## Work task
Start at the line that contains "- Sweatshirt, Sweater" in the listing below and extract every line through the last, exactly; leave pictures out.

## Dataset extract
● ● ● ●
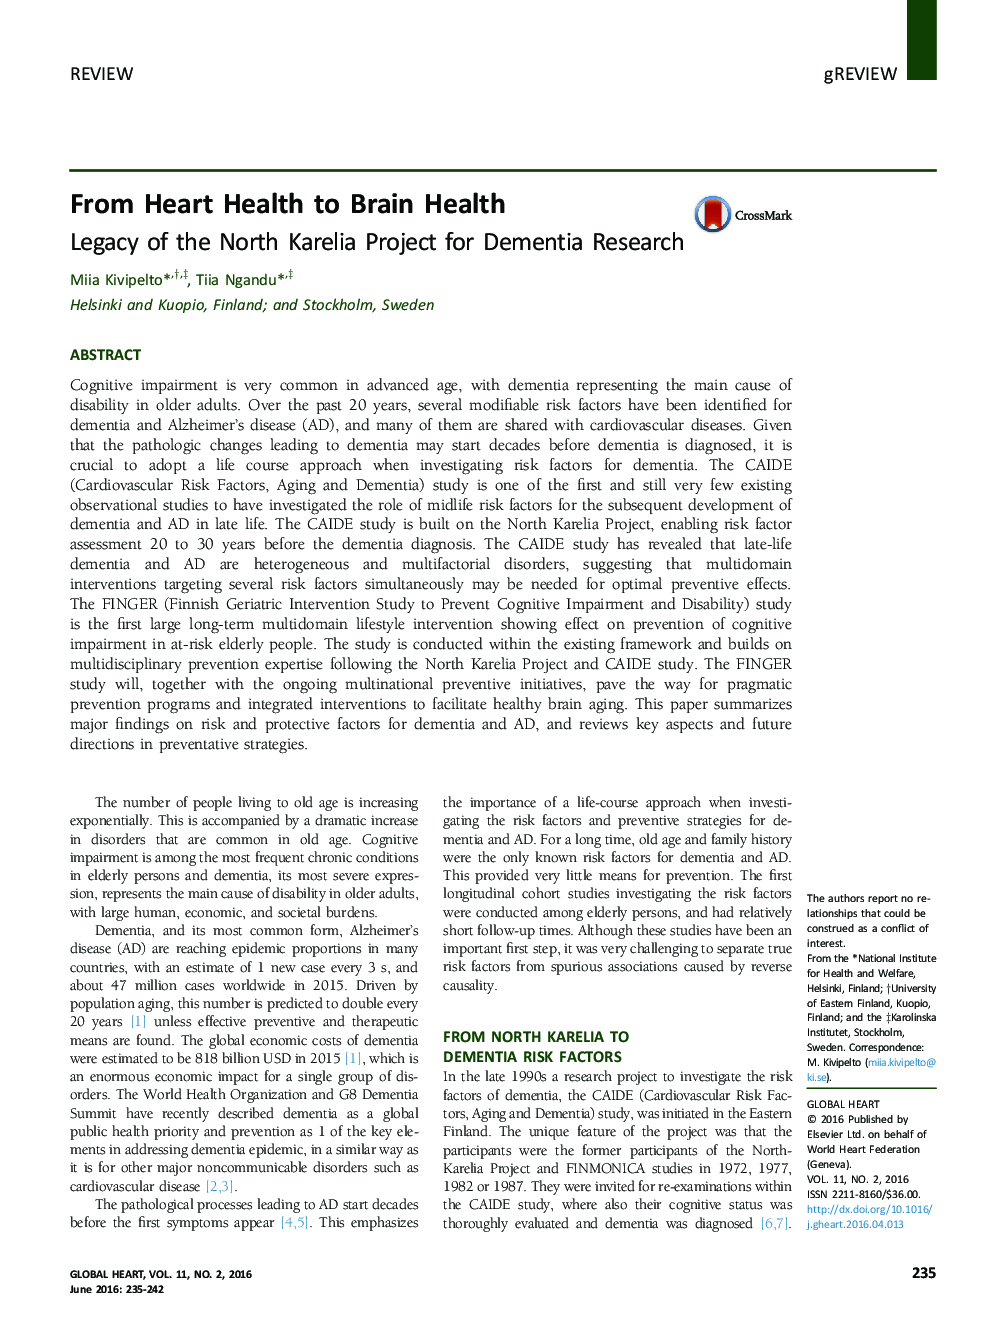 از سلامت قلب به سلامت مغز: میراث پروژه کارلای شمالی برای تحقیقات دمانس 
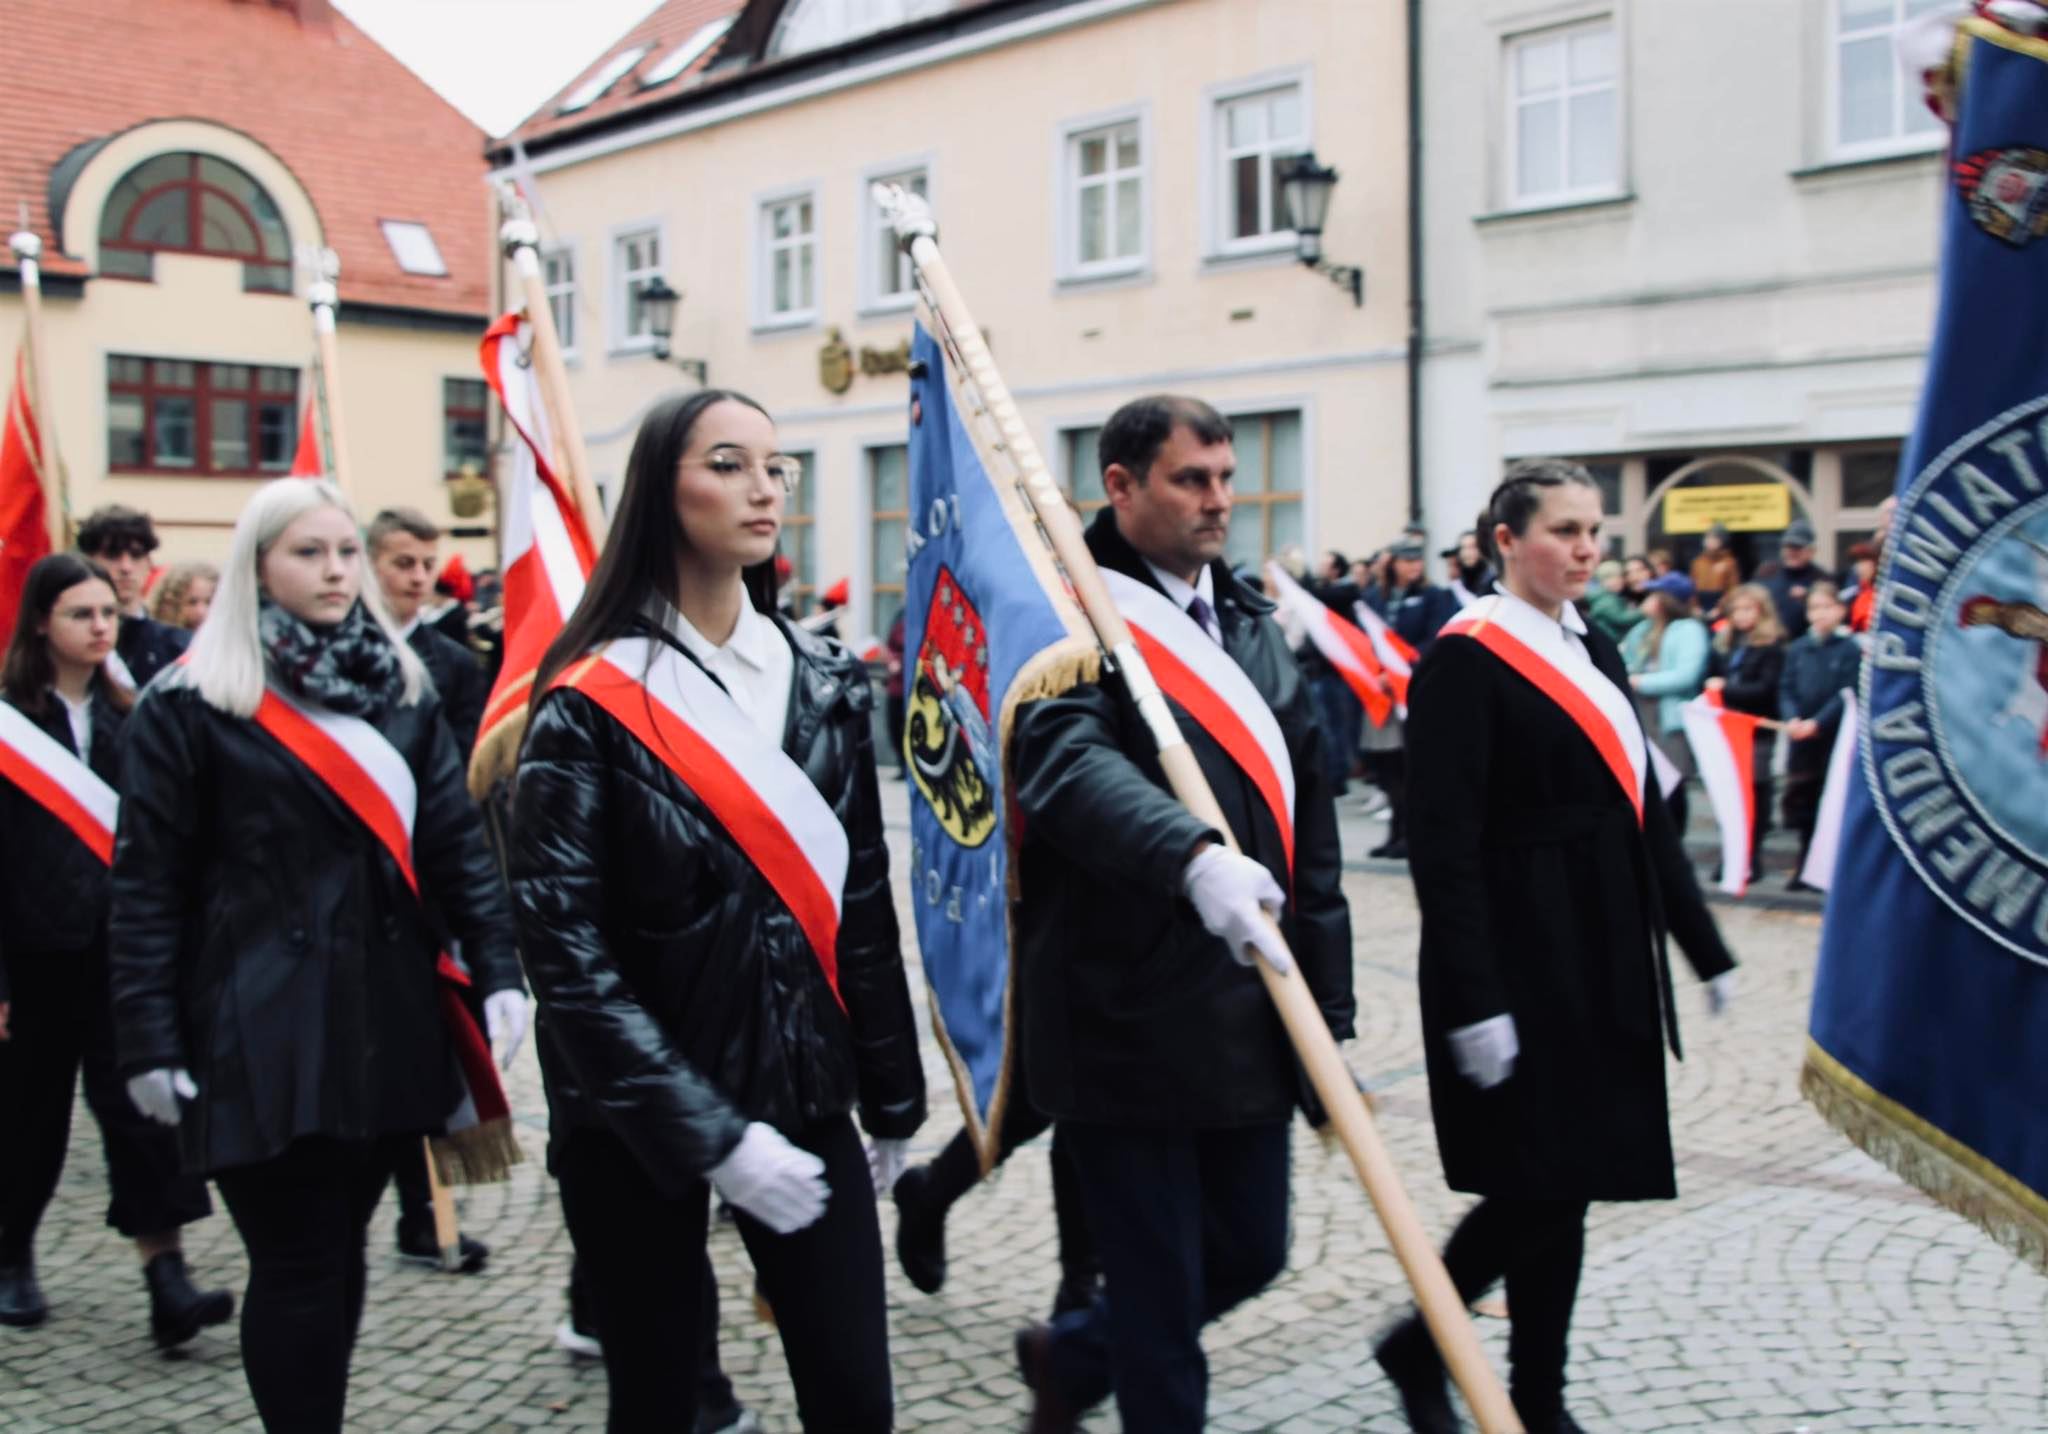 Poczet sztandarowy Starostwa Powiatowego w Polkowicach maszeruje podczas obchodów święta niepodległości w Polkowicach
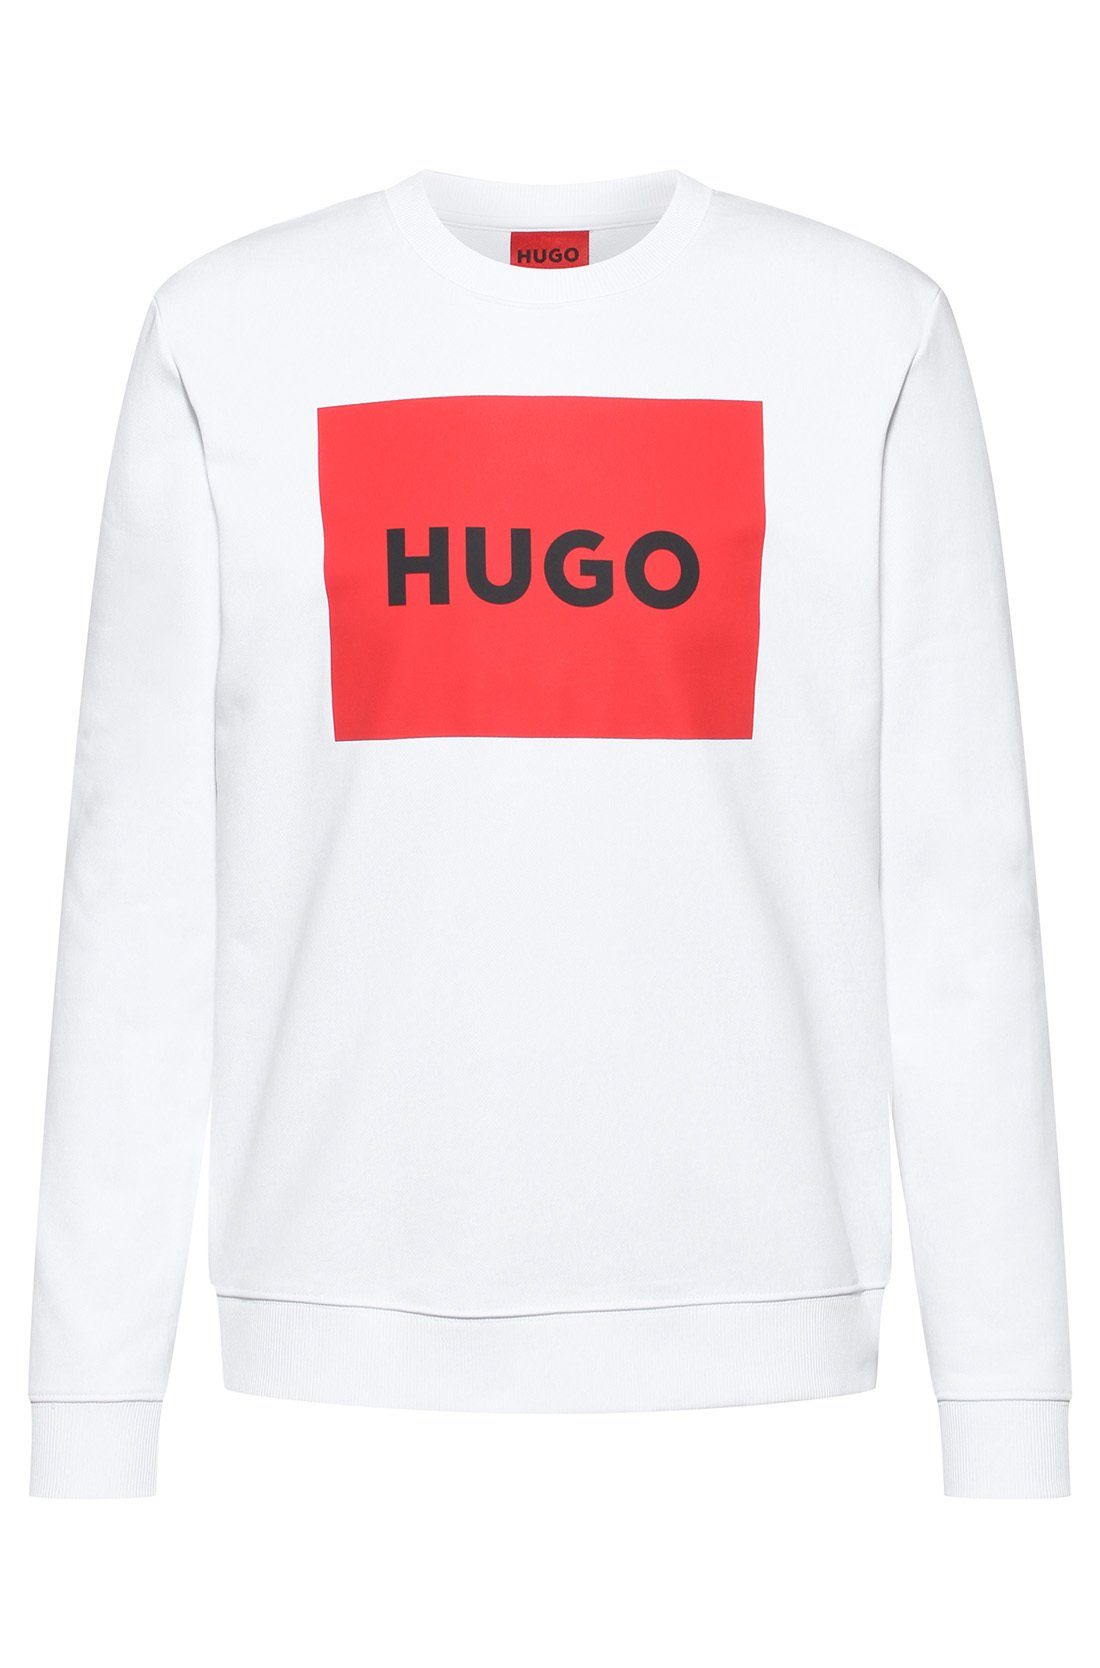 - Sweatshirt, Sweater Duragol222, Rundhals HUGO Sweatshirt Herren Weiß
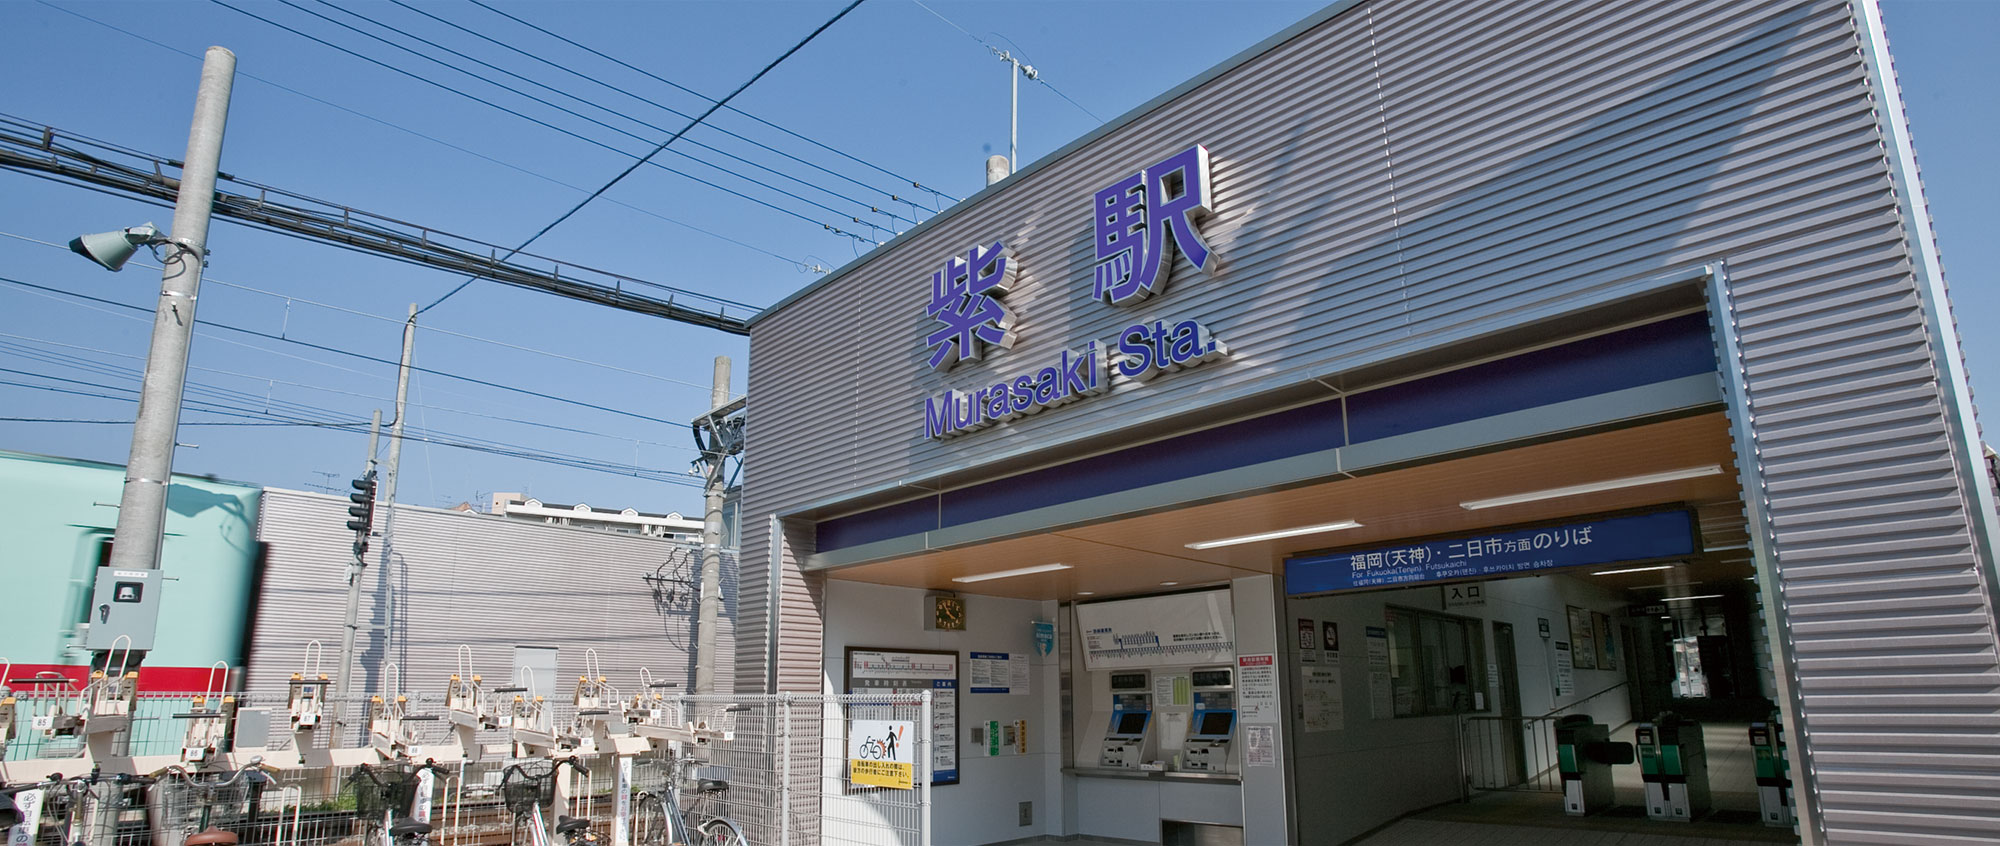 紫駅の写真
● ● ● ●
## Answer
 - Sweatshirt, Sweater Duragol222, Rundhals HUGO Sweatshirt Herren Weiß
 紫駅の写真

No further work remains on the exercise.